**DATA EXCERPT**.
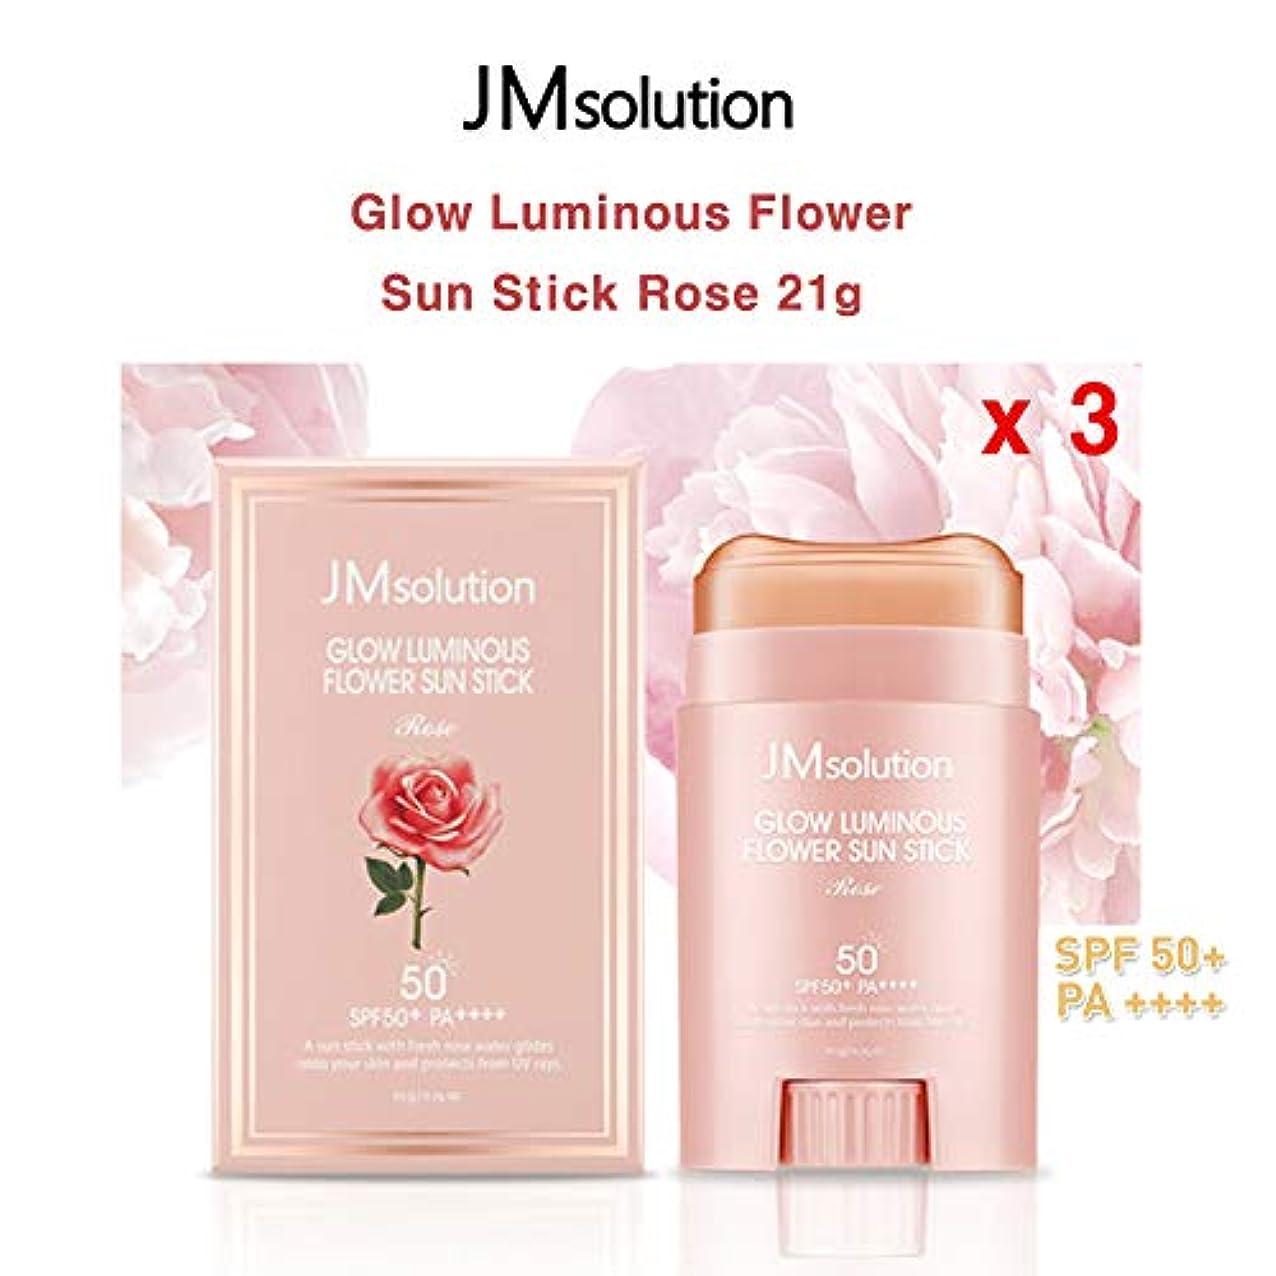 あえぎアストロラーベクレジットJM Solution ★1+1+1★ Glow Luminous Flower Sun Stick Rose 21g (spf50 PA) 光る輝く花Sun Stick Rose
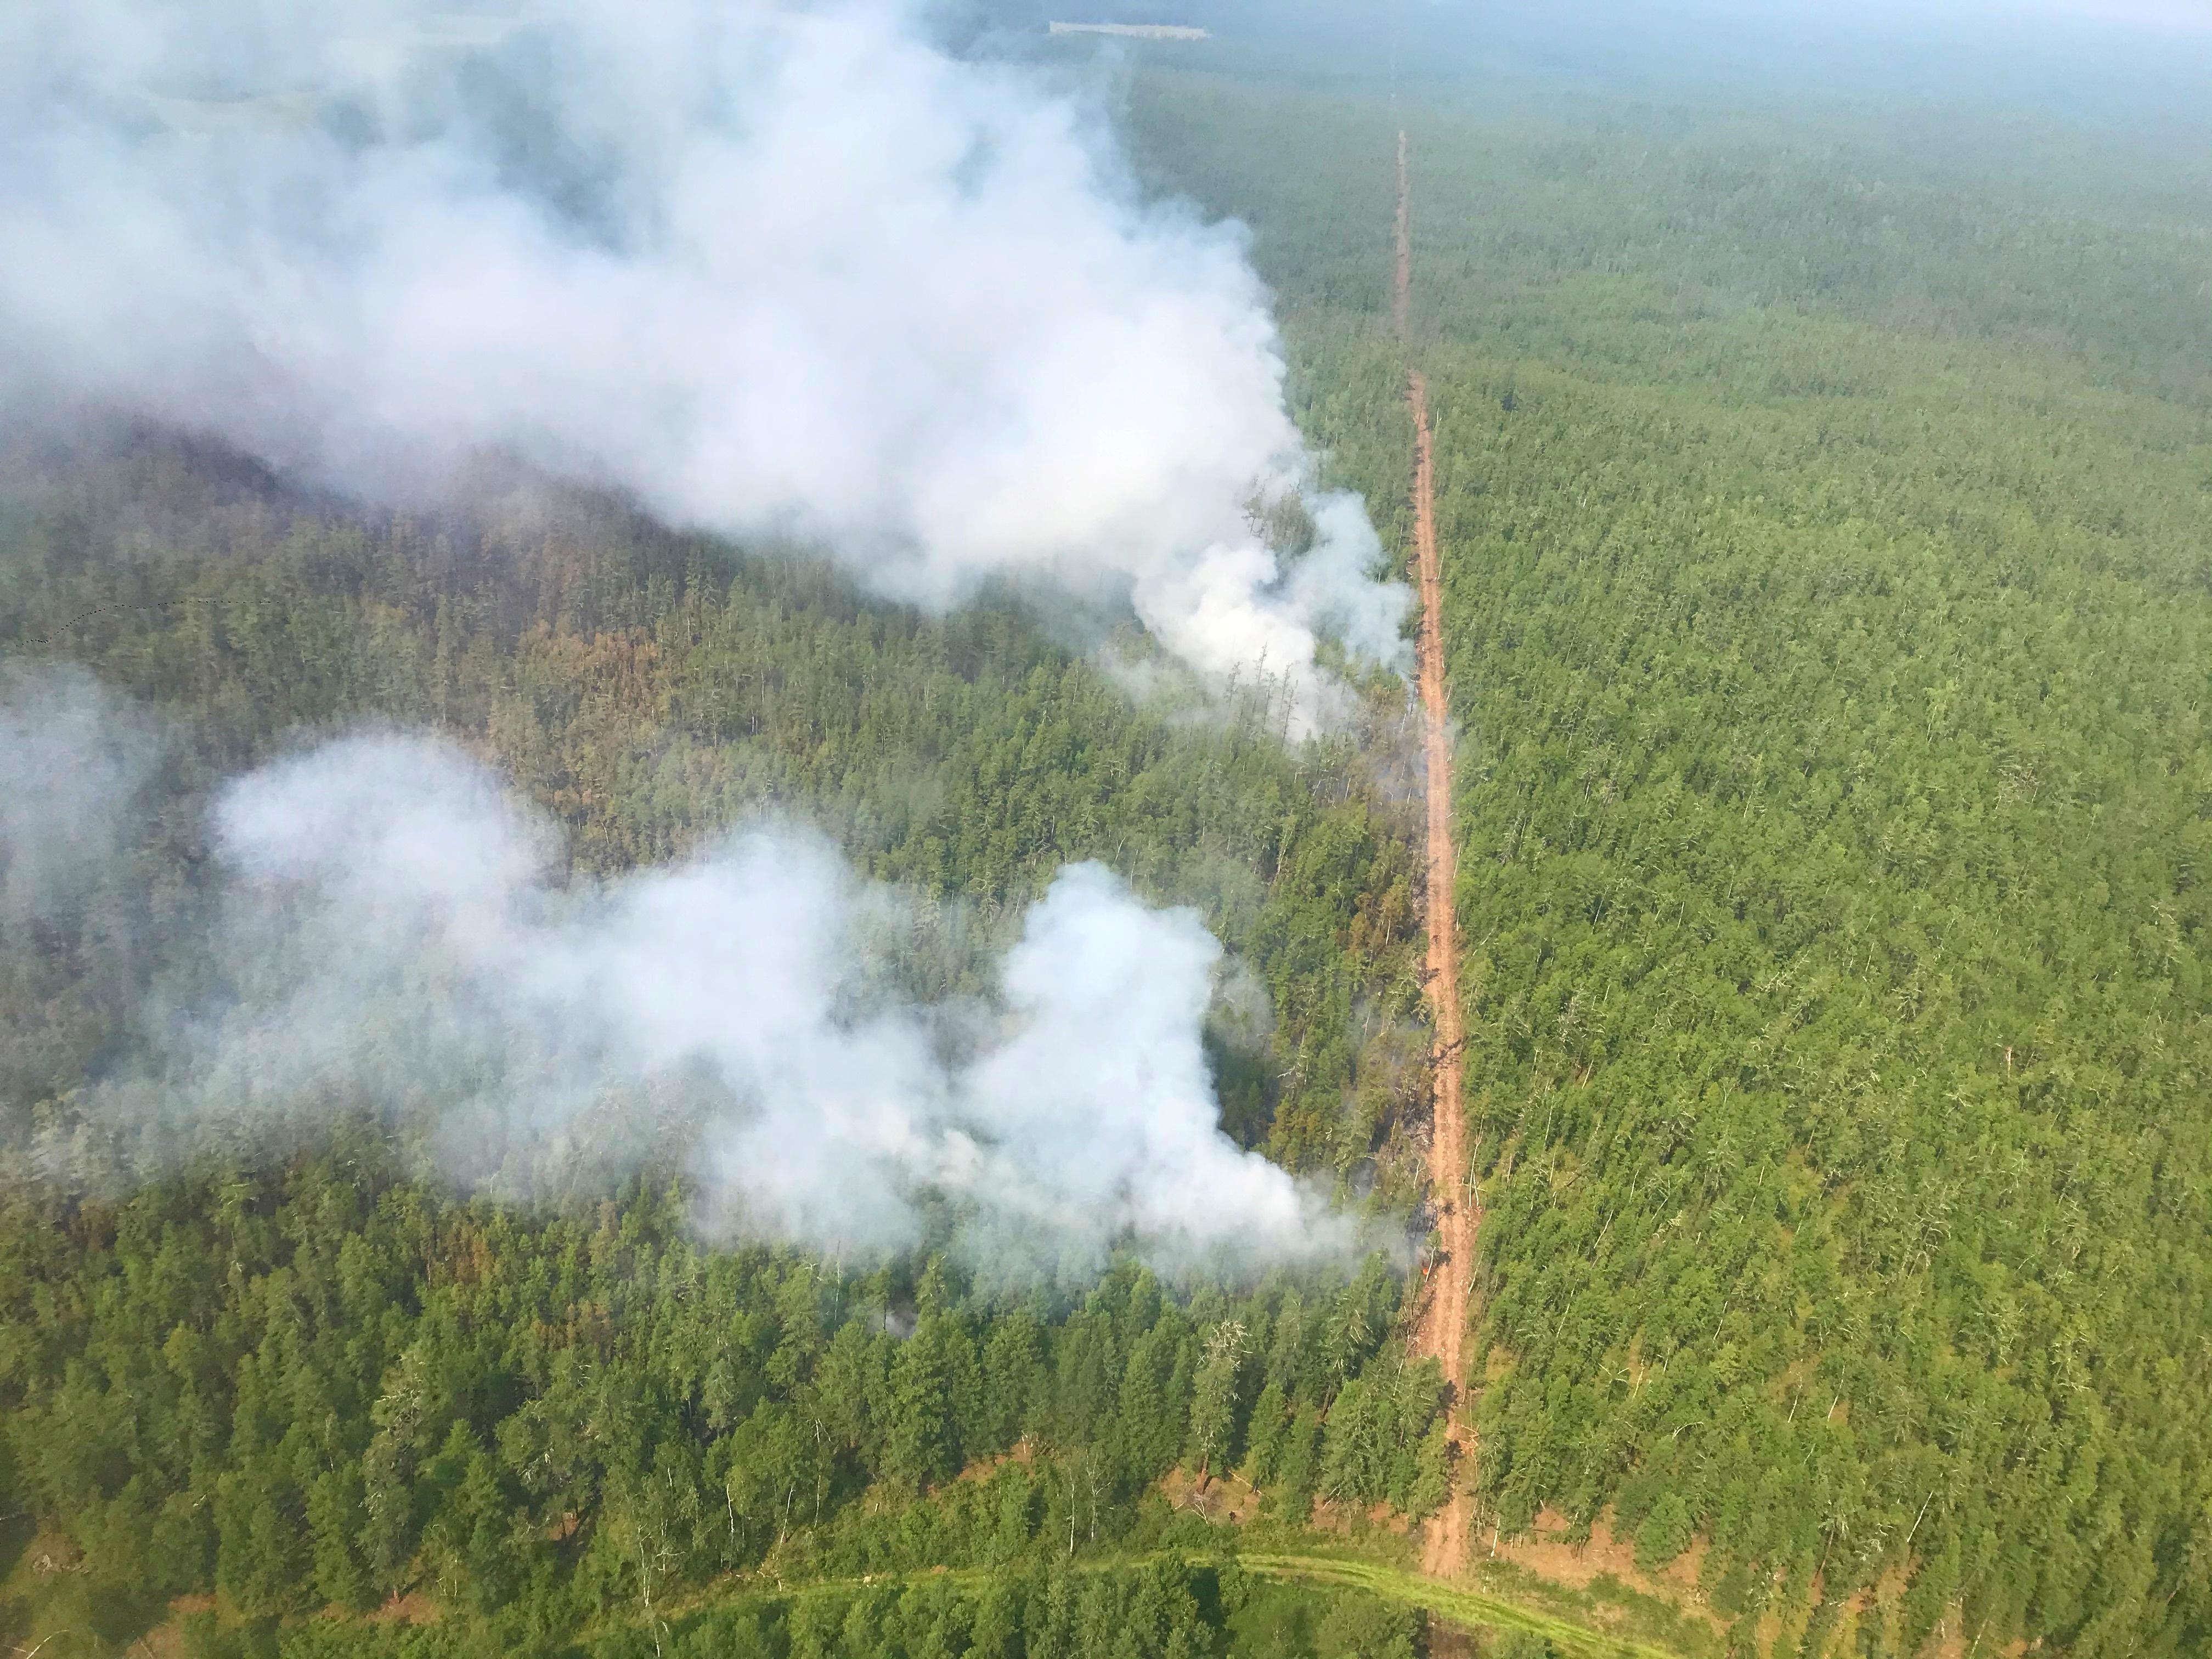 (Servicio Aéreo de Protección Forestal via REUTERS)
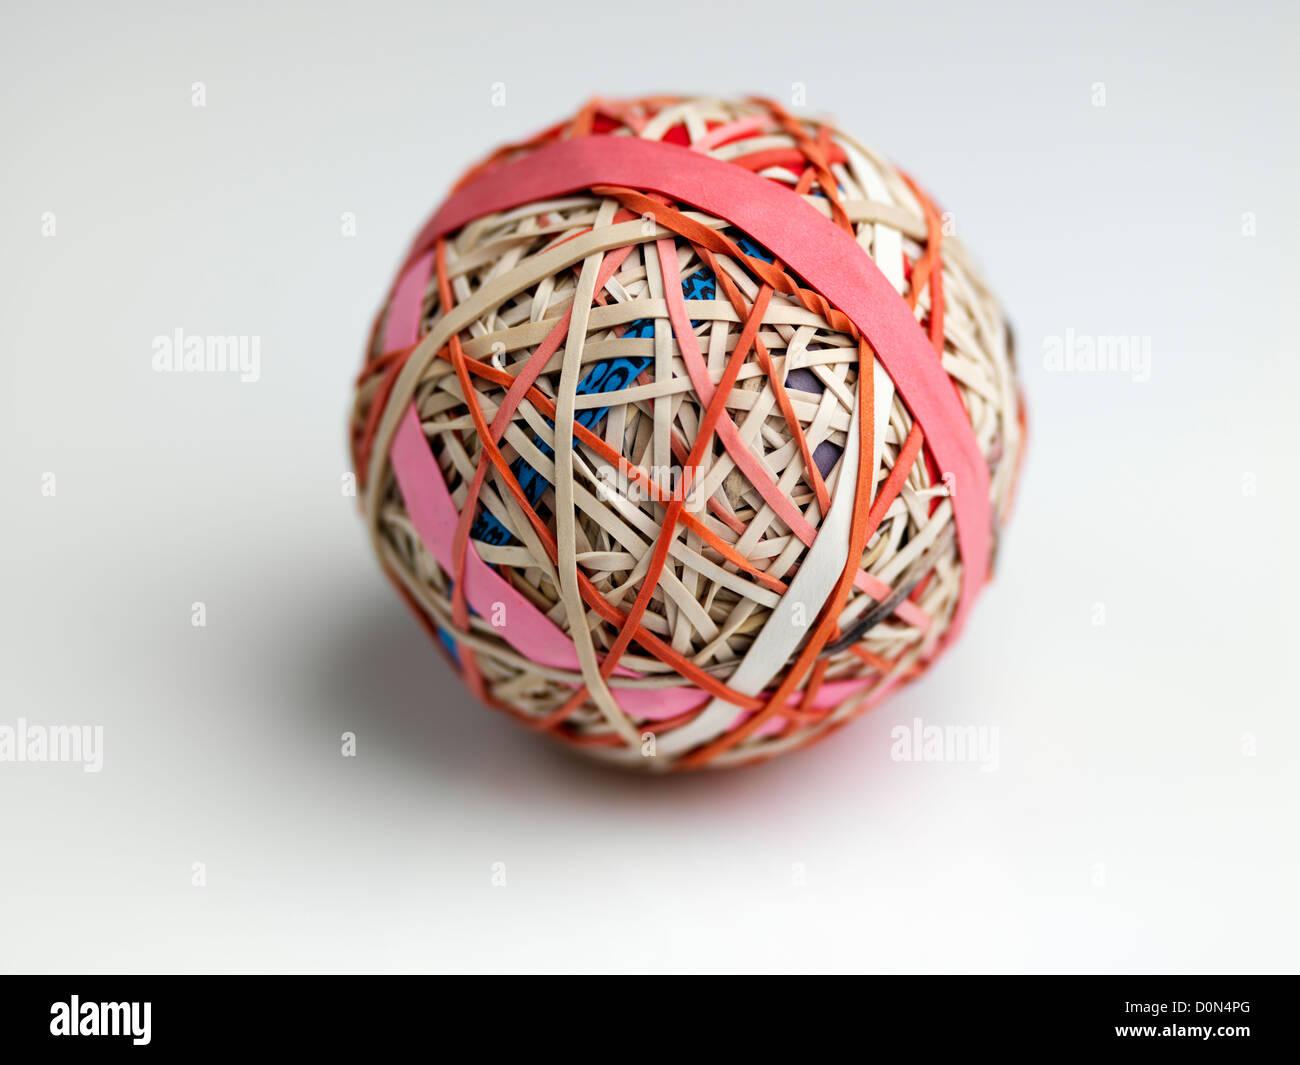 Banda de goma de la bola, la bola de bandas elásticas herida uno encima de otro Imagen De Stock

**EXERCISE AIM**.
Reproduce the material word for word, but without its images.

**SOLUTION TO THIS TASK**.
 あえぎアストロラーベクレジットJM Solution ★1+1+1★ Glow Luminous Flower Sun Stick Rose 21g (spf50 PA) 光る輝く花Sun Stick Rose
 (Servicio Aéreo de Protección Forestal via REUTERS)
 Banda de goma de la bola, la bola de bandas elásticas herida uno encima de otro Imagen De Stock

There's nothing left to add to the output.